The package build instructions are rather strange

My usual approach to releasing something like this would be to provide a git repository containing a proper Debian source package. I might also build binaries, using sbuild, and I would consider actually uploading to Debian.

However, despite me taking a fairly conservative approach to adding dependencies to Hippotat, still a couple of the (not very unusual) Rust packages that Hippotat depends on are not in Debian. Last year I considered tackling this head-on, but I got derailed by difficulties with Rust packaging in Debian.

Furthermore, the version of the Rust compiler itself in Debian stable is incapable of dealing with recent versions of very many upstream Rust packages, because many packages’ most recent versions now require the 2021 Edition of Rust. Sadly, Rust’s package manager, cargo, has no mechanism for trying to choose dependency versions that are actually compatible with the available compiler; efforts to solve this problem have still not borne the needed fruit.

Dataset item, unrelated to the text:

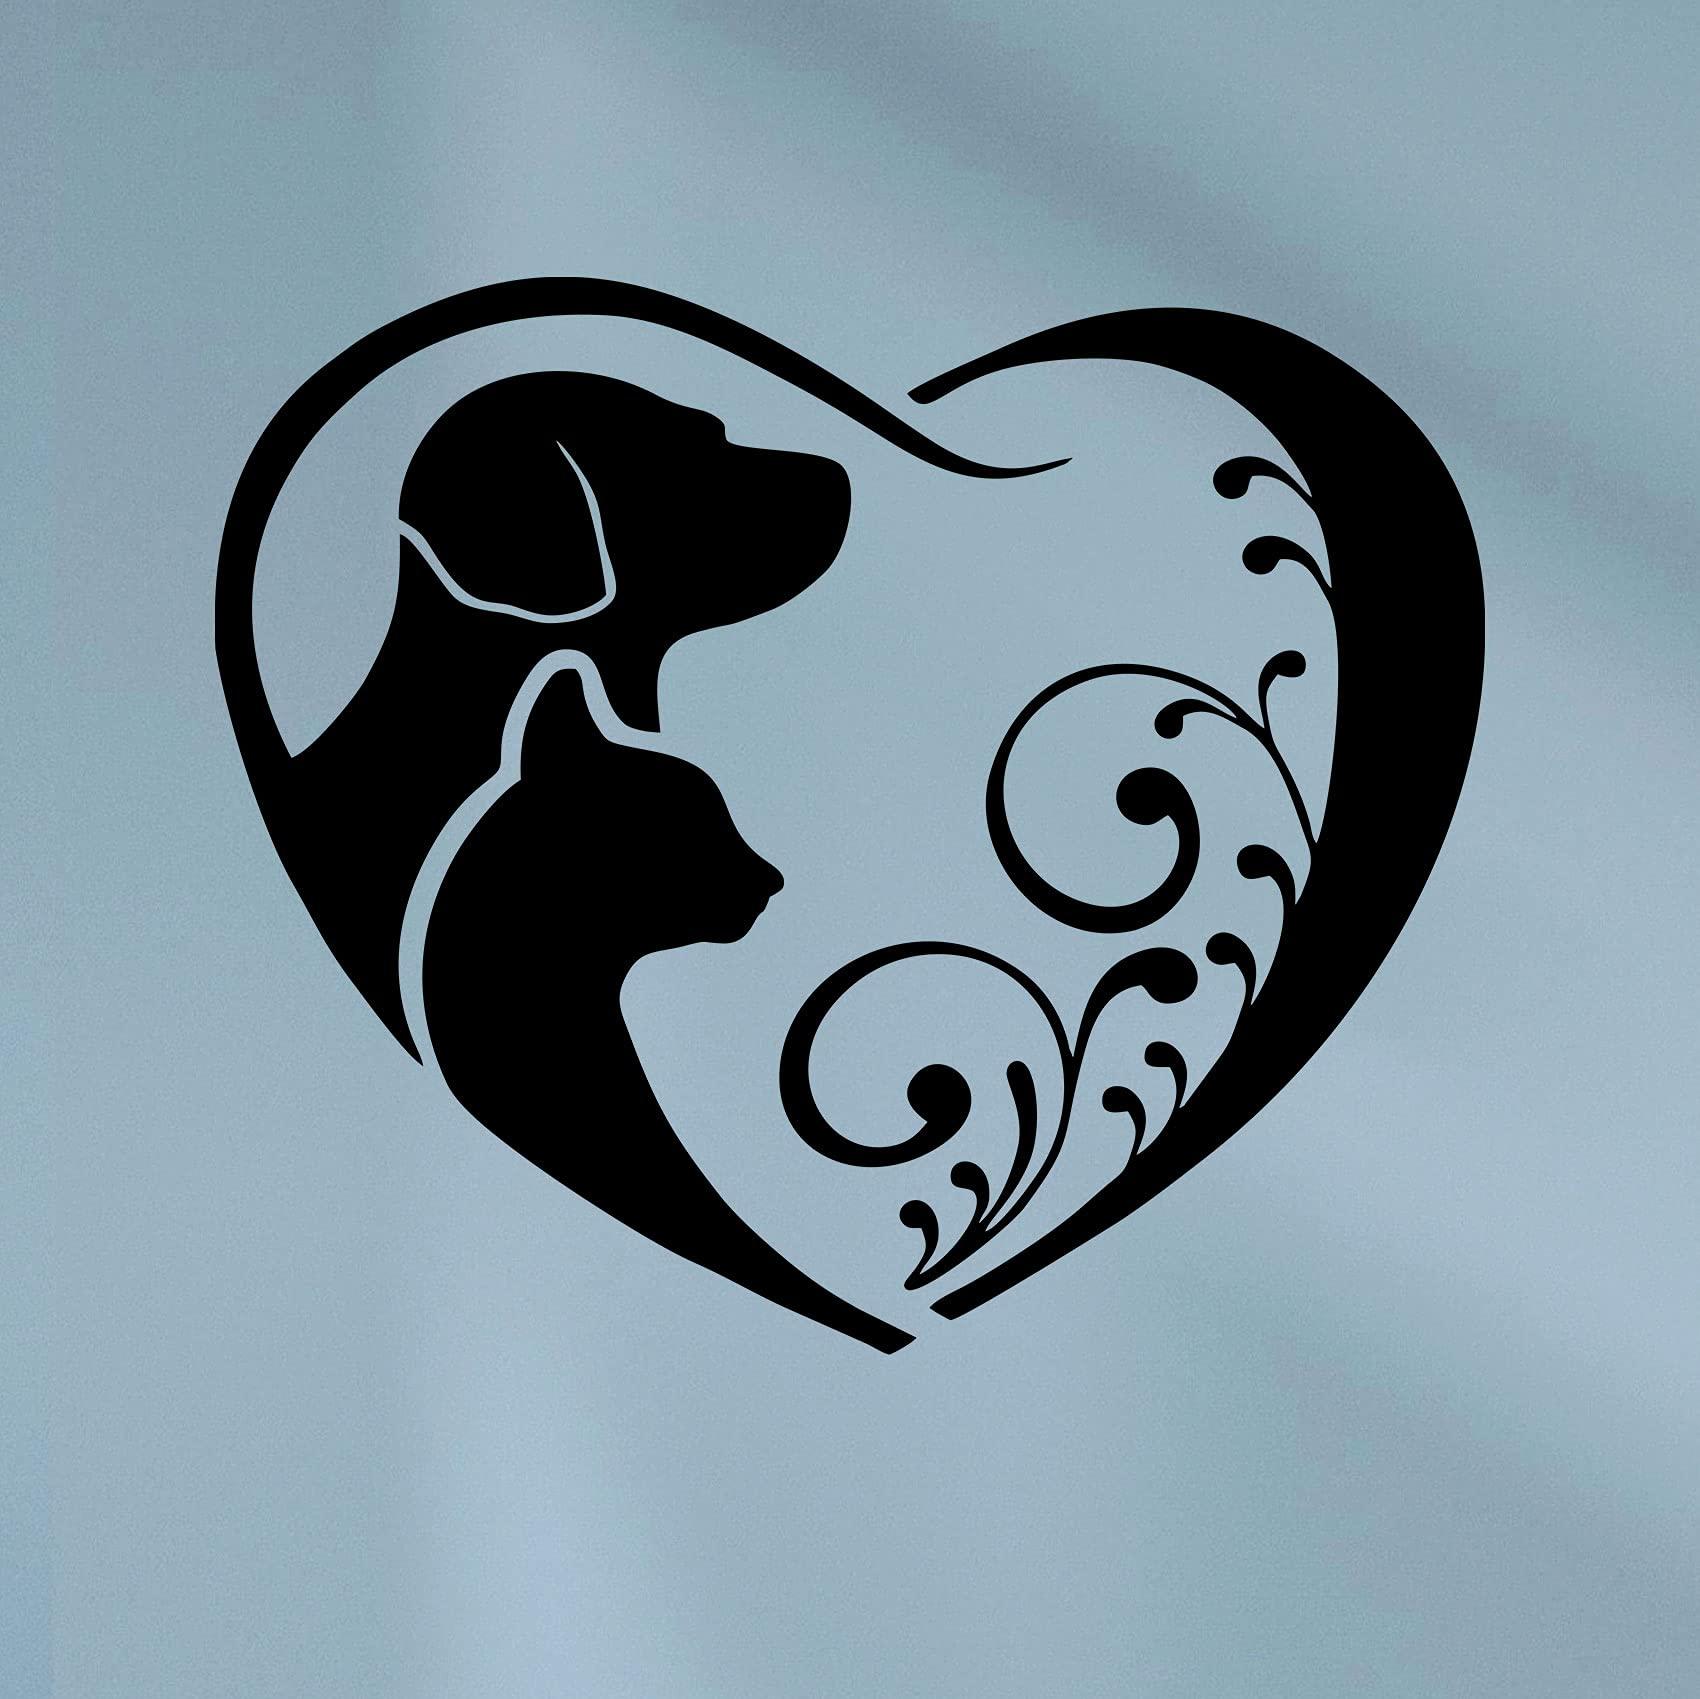 Amazon Jingbelus Dog And Cat Heart Shape Silhouette Wall
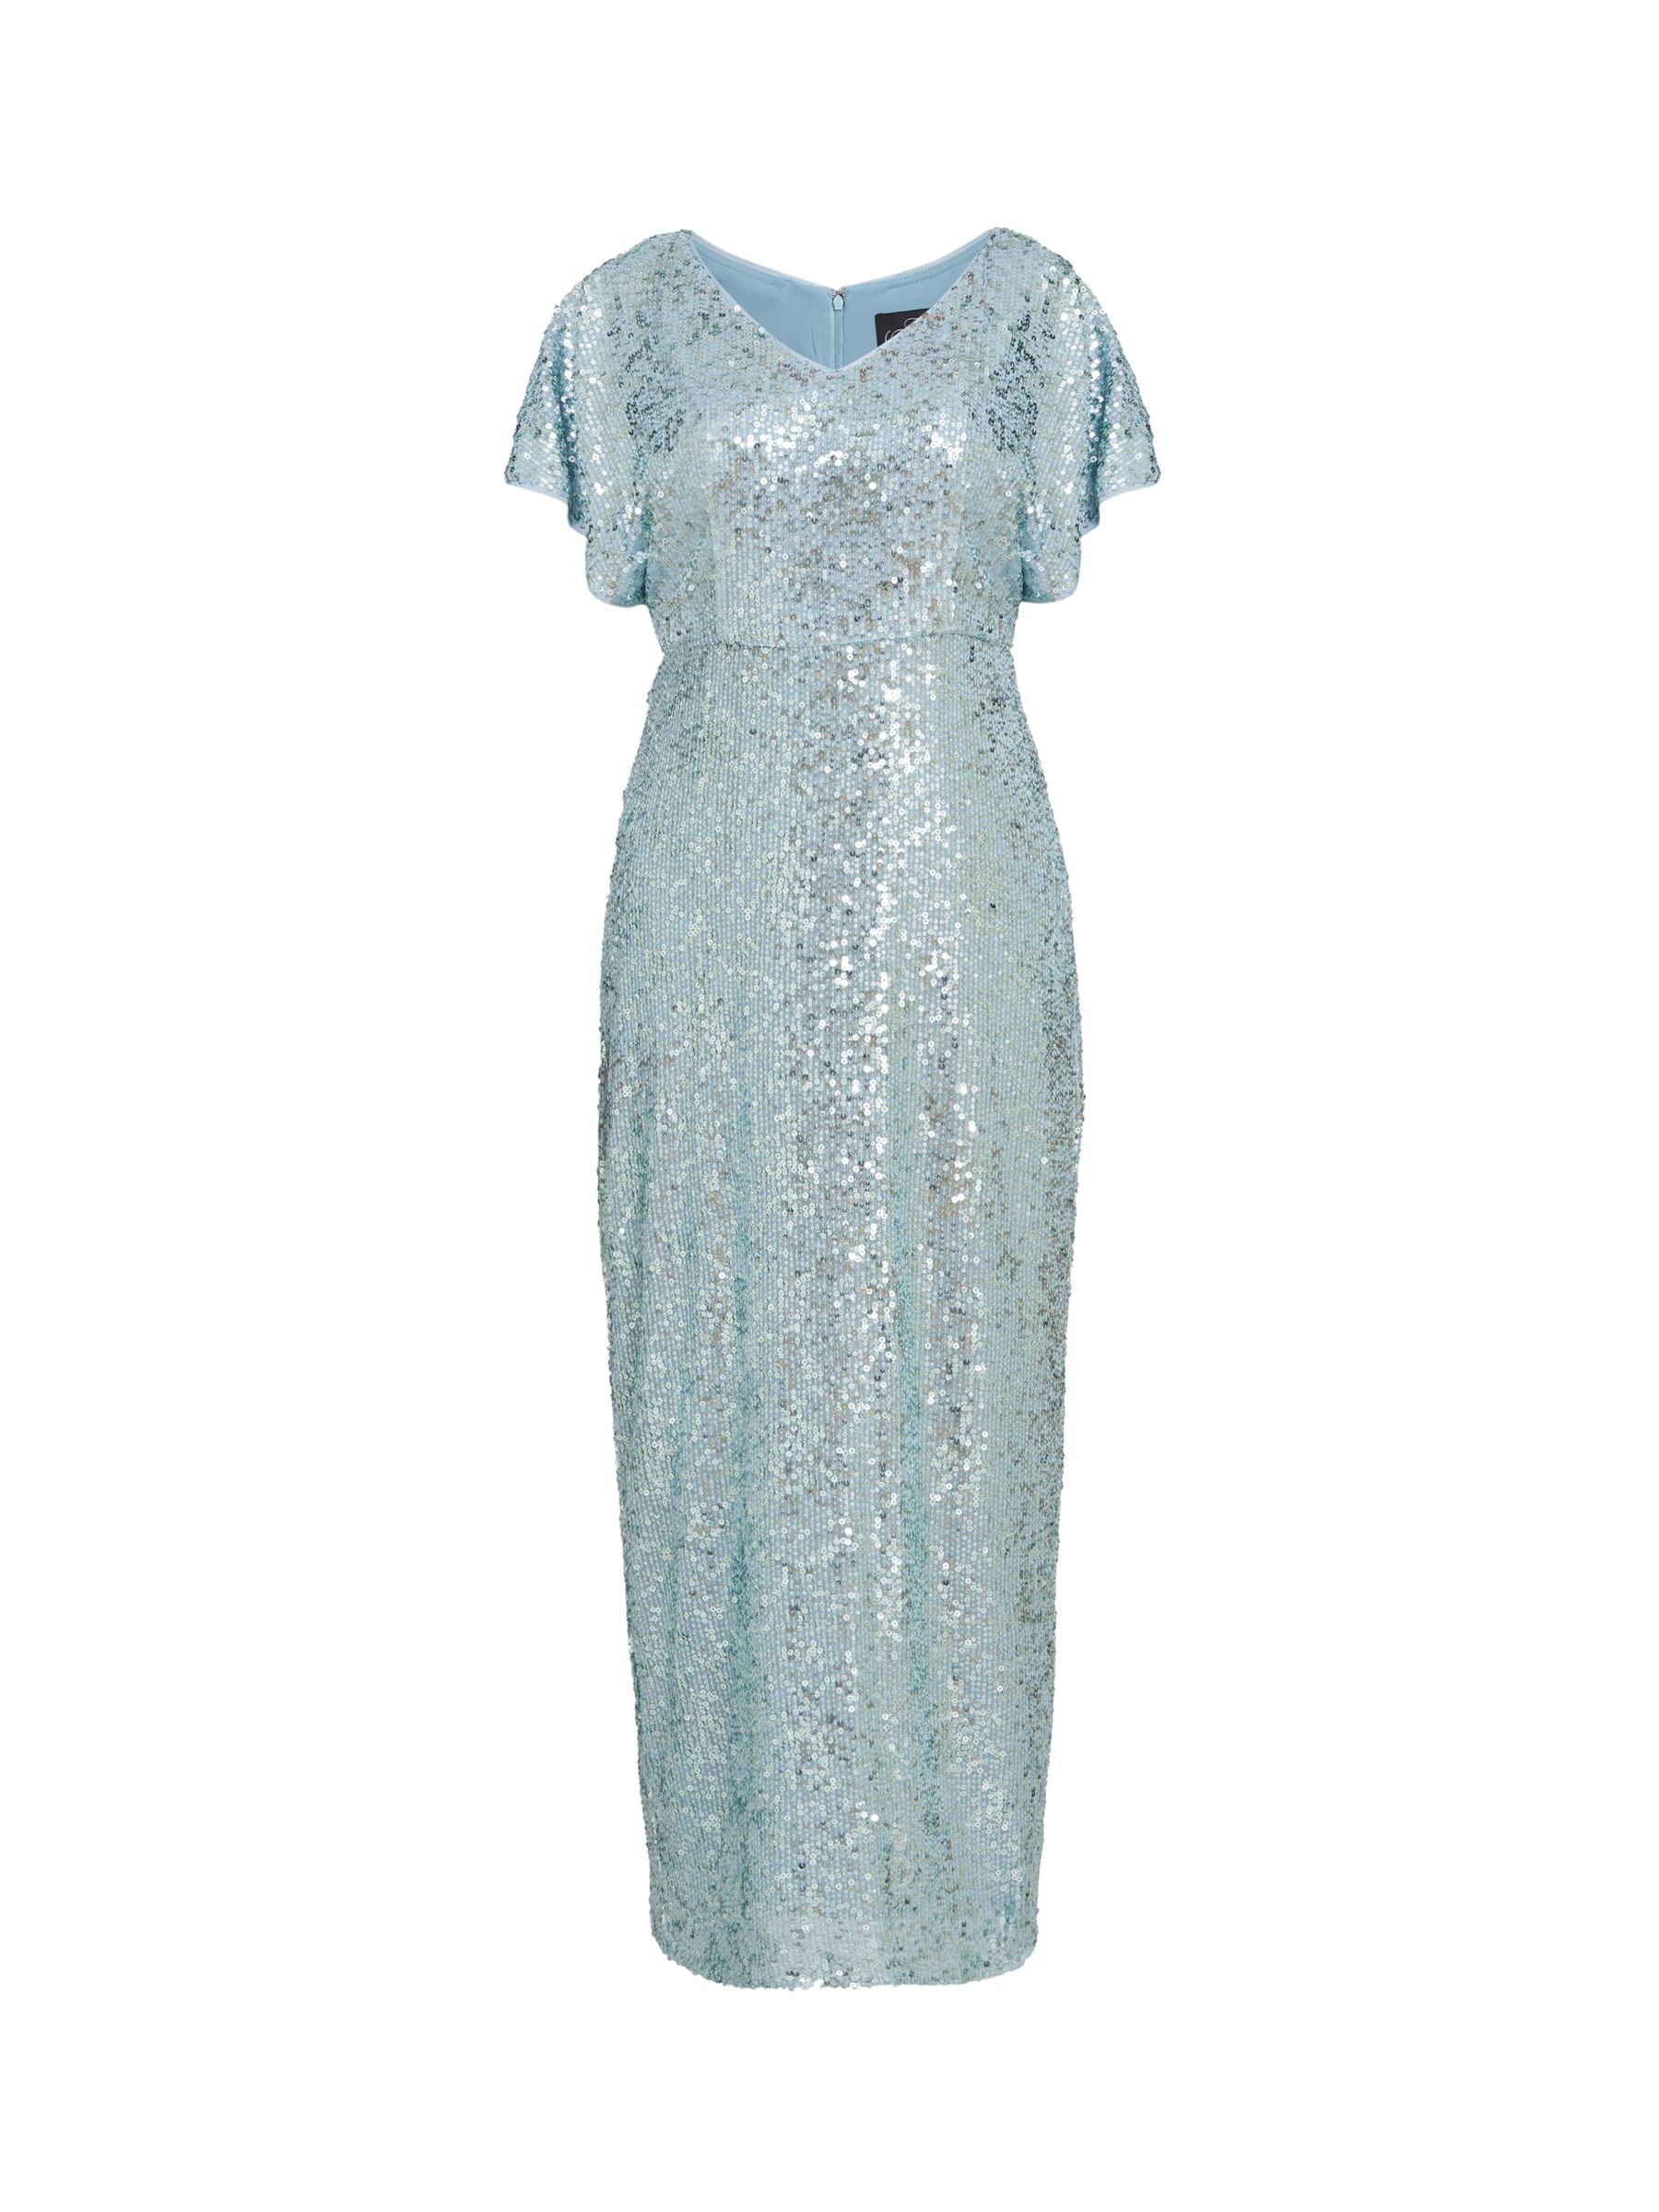 Gina Bacconi Courtney Sequin Maxi Dress, Sky Blue at John Lewis & Partners

The result is that, in practice, currently Hippotat has to be built with (a) a reasonably recent Rust toolchain such as found in Debian unstable or obtained from Rust upstream; (b) dependencies obtained from the upstream Rust repository.

At least things aren’t completely terrible: Rustup itself, despite its alarming install rune, has a pretty good story around integrity, release key management and so on. And with the right build rune, cargo will check not just the versions, but the precise content hashes, of the dependencies to be obtained from crates.io, against the information I provide in the Cargo.lock file. So at least when you build it you can be sure that the dependencies you’re getting are the same ones I used myself when I built and tested Hippotat. And there’s only 147 of them (counting indirect dependencies too), so what could possibly go wrong?

Sadly the resulting package build system cannot work with Debian’s best tool for doing clean and controlled builds, sbuild. Under the circumstances, I don’t feel I want to publish any binaries.